TV’s fasctinating ‘Botched’ takes on the limits of aesthetic procedures

by
Rachel Shukert
May 21, 2015
(Shutterstock)
(Shutterstock)

I’ve tried to stay away from plastic surgery reality shows over the years. I’m not squeamish about the bloody stuff, or the inevitable moment when the surgeon either shoves in or pulls out a quivering, organ-like bag of silicon from a gaping hole of mangled human flesh (actually, I kind of like that part). But I’m not a fan of the homogenized brand of beauty these shows tend to peddle, or the way the a female patient, unencumbered by price tags (all expenses being taken care of by the production company, naturally) winds up signing up for way more than she came in for. Hate that bump on your nose? It’ll look so much better if you also get a chin implant, and then some big plump cheeks to even that out… And you could really use an eyebrow lift, and how do you feel about your breasts and stomach?

There’s something profoundly disturbing to me about upselling someone on their own body, as well as the taut Stepford Wife faces and swelling Barbie bust-lines that such shows like Extreme Makeover, or the one-season abomination The Swan, which still haunts my nightmares, tend to produce. It’s the same reason I’ve never much cared for fashion makeover shows like What Not To Wear–you go in a normal human being with your own taste and sense of style, however questionable, and you come out with the same layered highlights and the same jewel-toned wrap dress they put on everybody else. It’s creepy.

That’s why Botched, now in its second season on E!, which stars L.A.-based surgeons and partners Dr. Paul Nassif and Dr. Terry Dubrow (a self-described “nice Jewish doctor”), has come as such a pleasant surprise to me. Neither doctor is a stranger to our screens–they are both married, or divorced from, Real Housewives past and present; and DuBrow has lent his services to a variety of other plastic surgery shows over the years, including the terrifying Bridalplasty). This makes it all more interesting that they have chosen to focus their new(ish) show on quite literally peeling back the mask by taking on patients whose previous procedures have left them suffering or deformed, and fixing them. Sure, there’s an inescapable element of the Victorian freak show to all this–a woman who had industrial-grade caulking material injected into her face; a man whose lips are so puffed up with filler that he looks like a hemorrhoid cushion is affixed to his face–but neither doctor treats his patients with anything other than seriousness and compassion (and in the case of Dr.
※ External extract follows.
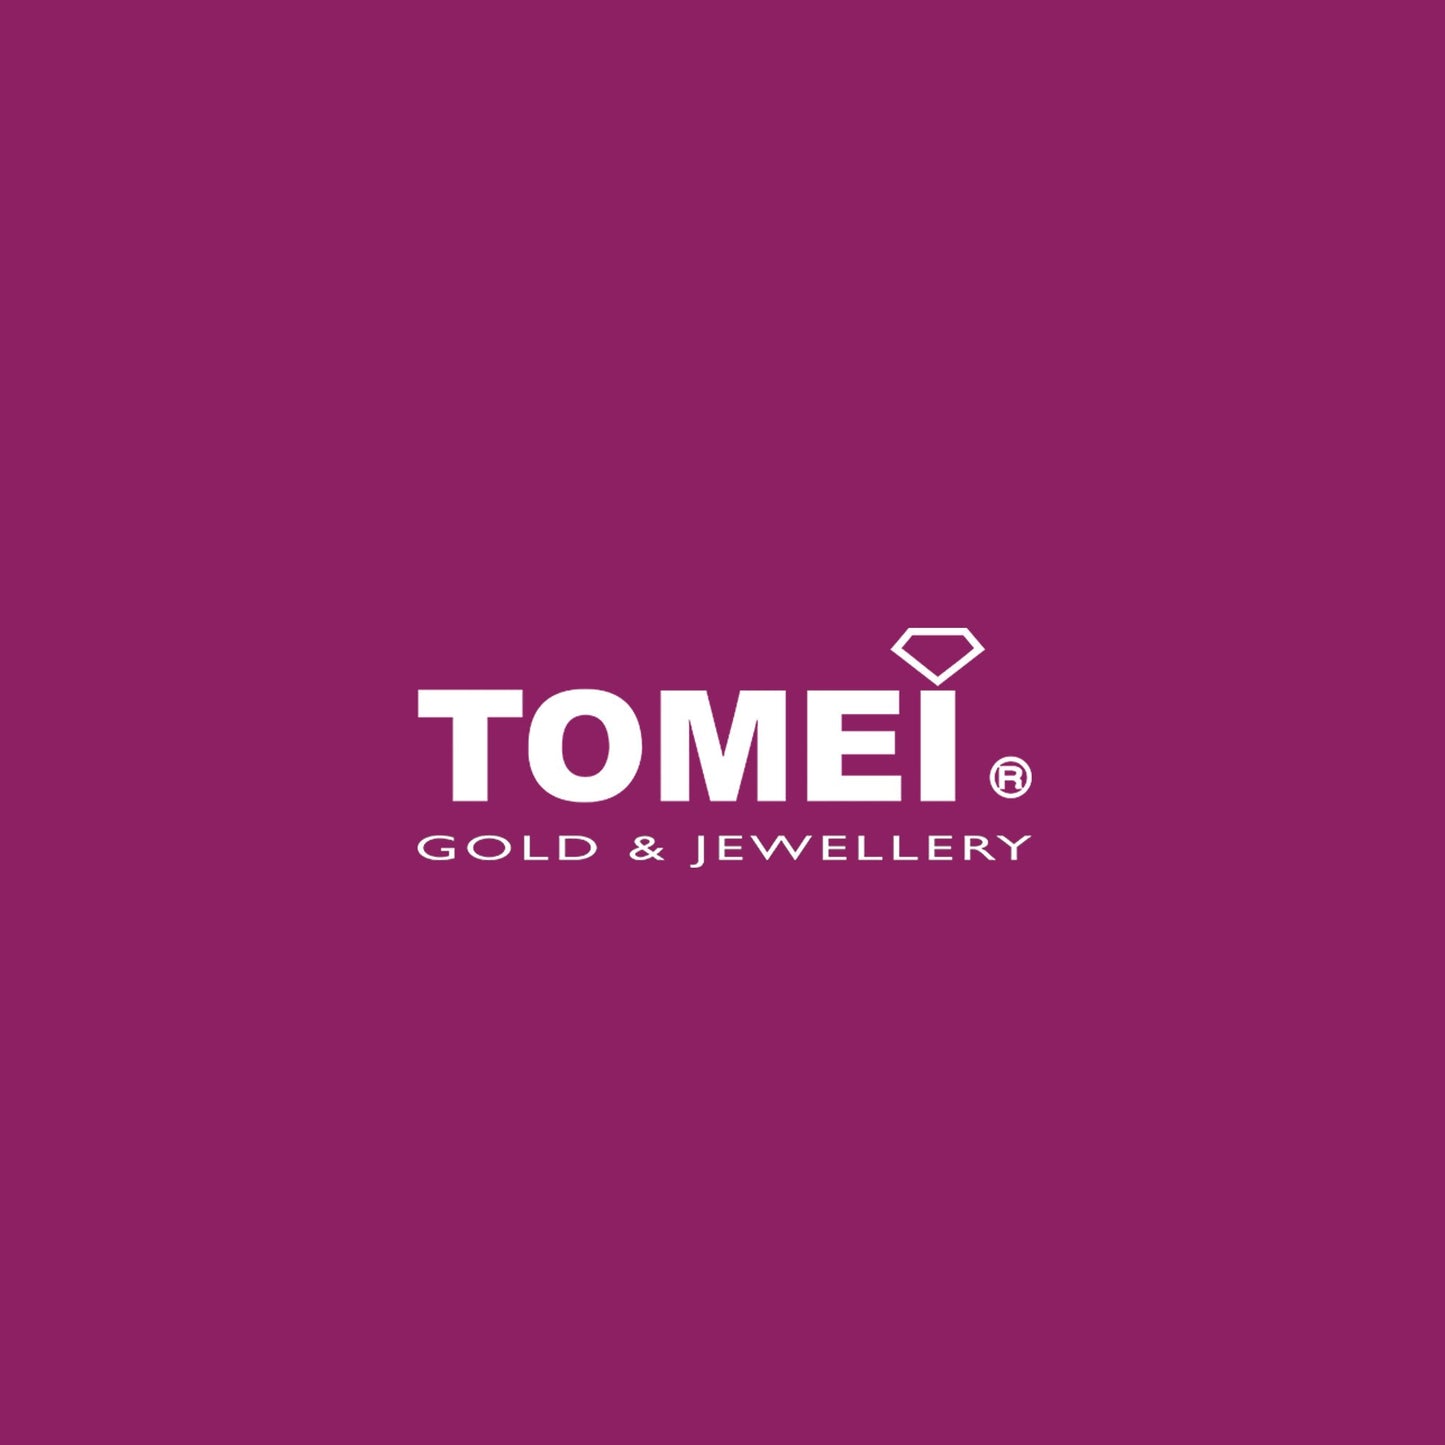 TOMEI Precious Gift Diamond Ring, White Gold 375

Dubrow, a kind of jocular vulgarity that seems to put them at ease).

And there are success stories: a reshaped chin for a woman whose multiple corrective surgeries after a horrific childhood burn left her swollen and deformed; a therapeutic tummy tuck for a young mother whose botched liposuction cost her a bellybutton and an abdominal muscle; any number of reverse rhinoplasties in which pinched, bridgeless noses are built back up into something more functional and, dare I say it–ethnic. They are often, genuinely moving. The world is full of people who feel terrible about the way they look, and Botched, despite its flaws, is making the clear statement that you’ll feel better the more you look like yourself. It’s a fascinating concept–a show about plastic surgery that is really about the limits of plastic surgery–particularly when looked at in its historical context.

Modern plastic surgery, in which a patient voluntarily undergoes a procedure to modify an otherwise functional organ for purely aesthetic reasons, began in 19th-century Germany. Dr. Jacques Joseph, a Jewish surgeon who began performing cosmetic rhinoplasties (often free of charge) on many of his fellow Berlin Jews. He believed that “correcting” this most typically Jewish of features was a charitable act that would allow them to blend in more easily among their non-Jewish peers, thus leading more fulfilling and successful lives.
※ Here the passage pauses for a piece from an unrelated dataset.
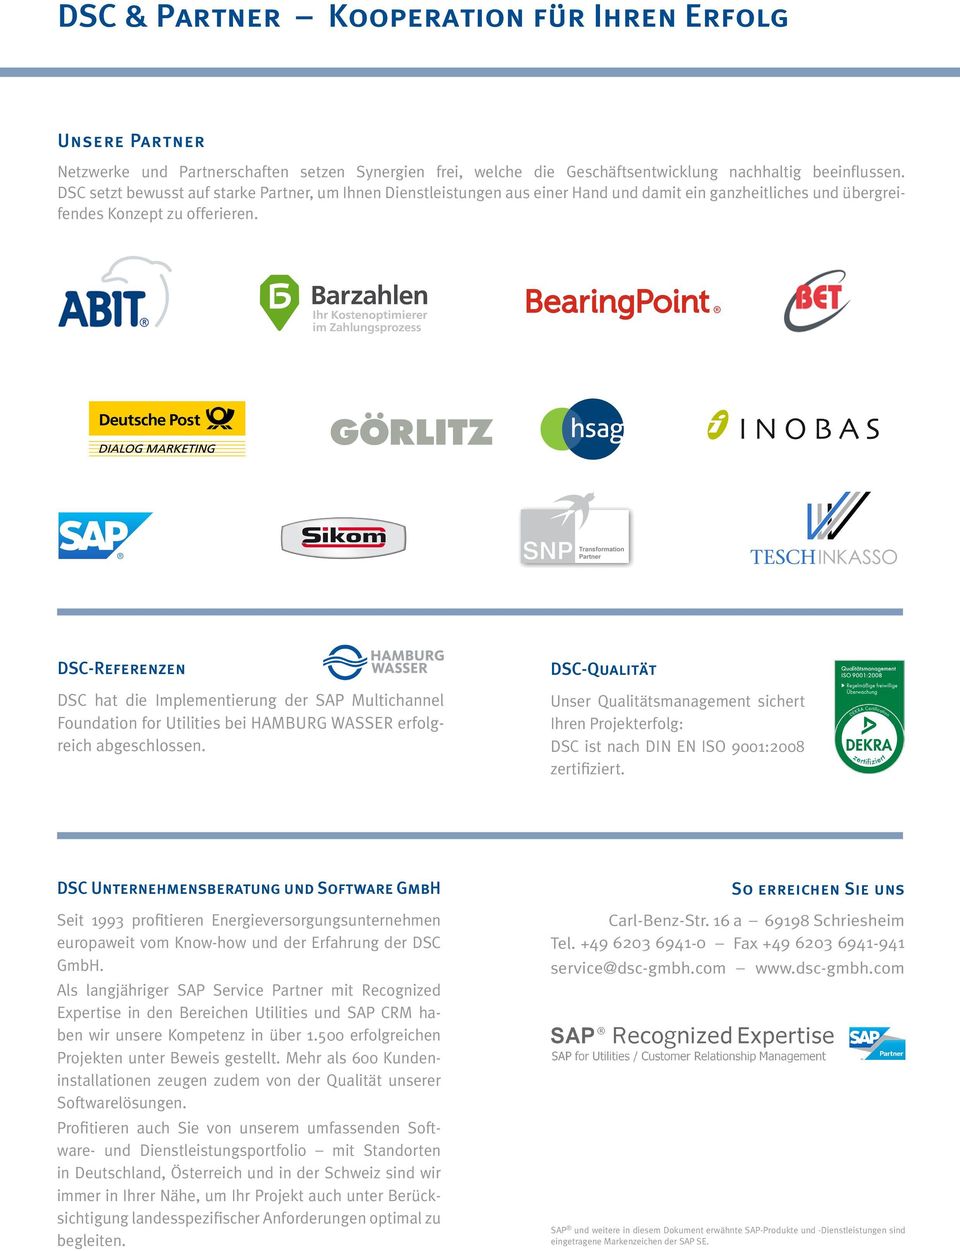 DSC-Referenzen DSC hat die Implementierung der SAP Multichannel Foundation for Utilities bei HAMBURG WASSER erfolgreich abgeschlossen.

What would Dr. Joseph make of the fact that in 2015, what seems to make people feel better is getting their old noses back? Hard to say; but he couldn’t argue with the fact that it makes for great TV.

Rachel Shukert is the author of the memoirs Have You No Shame? and Everything Is Going To Be Great,and the novel Starstruck. She is the creator of the Netflix show The Baby-Sitters Club, and a writer on such series as GLOW and Supergirl. Her Twitter feed is @rachelshukert.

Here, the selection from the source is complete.